Sunday, April 05, 2009

LARubyConf 2009 - Aaron Patterson - "Journey Thru A Pointy Forest, or You Suck At XML"

The second presentation of the day at Los Angeles Ruby Conference 2009 (LARubyConf) was Aaron Patterson, XML maniac. I had a run at hardcore XML/XSL a few years back, and it has been a while since I walked the razor's edge of the angle bracket. But Aaron is not just an aficionado, he is genuinely obsessed. Given that he is the maintainer of the Nokogiri and Mechanize gems, this makes me happy.

He covered four areas related to XML:
- XML Processing
- HTML Processing
- Data Extraction
- HTML Correction

The XML Processing section was as thorough a synopsis of XML as one could possible fit into just a few minutes. He went over the four main XML processing styles:
- Push
- Pull

SAX parsers are fast, and low on memory use. However, searching is hard, doc handlers are verbose, and programmer expense high.

Push Parsing works the same as SAX, the difference is the programmer controls document IO. Has low memory use, fast, fine control over IO.

Pull Parsers are handed XML, and yield a node object. They work like cursors, moving thru the document, so you only get one chance to process data without starting over from the beginning again.

DOM Interface is what most programmers are familiar with. Given XML, they build an in-memory tree. They can then be easily searched using XPath. DOM parsers provide easy data extraction, are programmer friendly, but have high memory use, and you pay a serious speed penalty.

HTML Processing is just like XML parsing, but it limited to the HTML DOM.

Data Extraction in XML can be done two different ways:
- CSS selectors
- XPath queries

XPath basics:

//foo <!-- start at absolute root -->
.//foo <!-- start a relative root -->
//foo[@bar] <!-- has bar attribute -->
//foo[@bar = 'baz'] <!-- has bar attribute with a value of 'baz' -->

Here is an example of a problem for parsers that support either CSS and XPath selector as parameter, like Hpricot:


The problem is that it is both valid XPath AND CSS. Nokugiri has separate methods for searching CSS or Xpath, so as to avoid this problem.

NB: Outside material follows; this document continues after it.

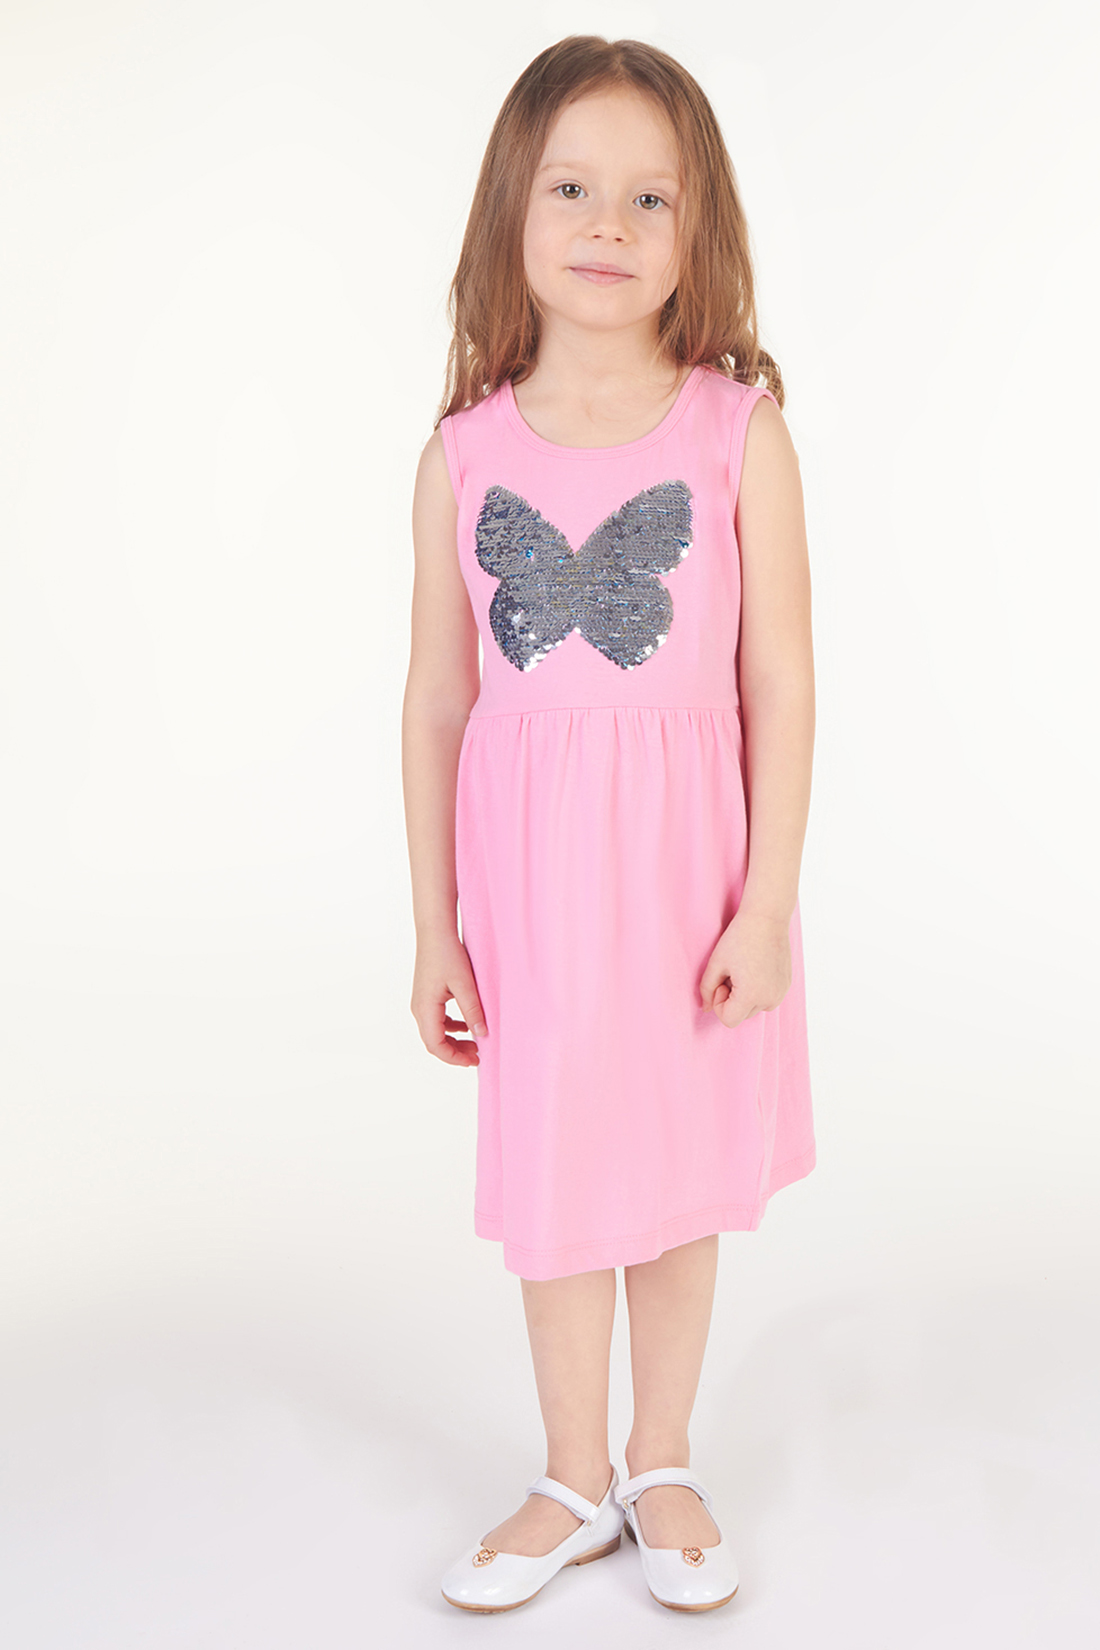 Платье для девочки (арт. baon BK458009), размер 110-116, цвет розовый

XML Namespaces use URL's to remain globally unique, to avoid collisions between XML formats taht are different, but use the same node name. Here is an important point: XML Namespaces are as important as tag names.

HTML Correction is taking some invalid HTML, and "fixing" it. For example, making sure that all tags are properly nested.

Aaron wrote a tool called tree_diff, that compares XML trees, cause "they are interesting". With this tool he was able to process many HTML files with multiple HTML correctors/parsers, then compare the results to see if they matched. In many cases, they did not!

Fonts are hard
Attributes are harder

29% of the time it works all of the time

Seems like after all that, I will never use anything but Nokogiri for XML parsing again!

1 comment:

Lord Krispy said...

Man, xml is a pain in the ass! I get what you are saying about the data extraction issues. Its a shame there is not a blend of push/pull/sax that would allow non-dom based data extraction.

Had fun chatting with you and your brother at Future Ruby.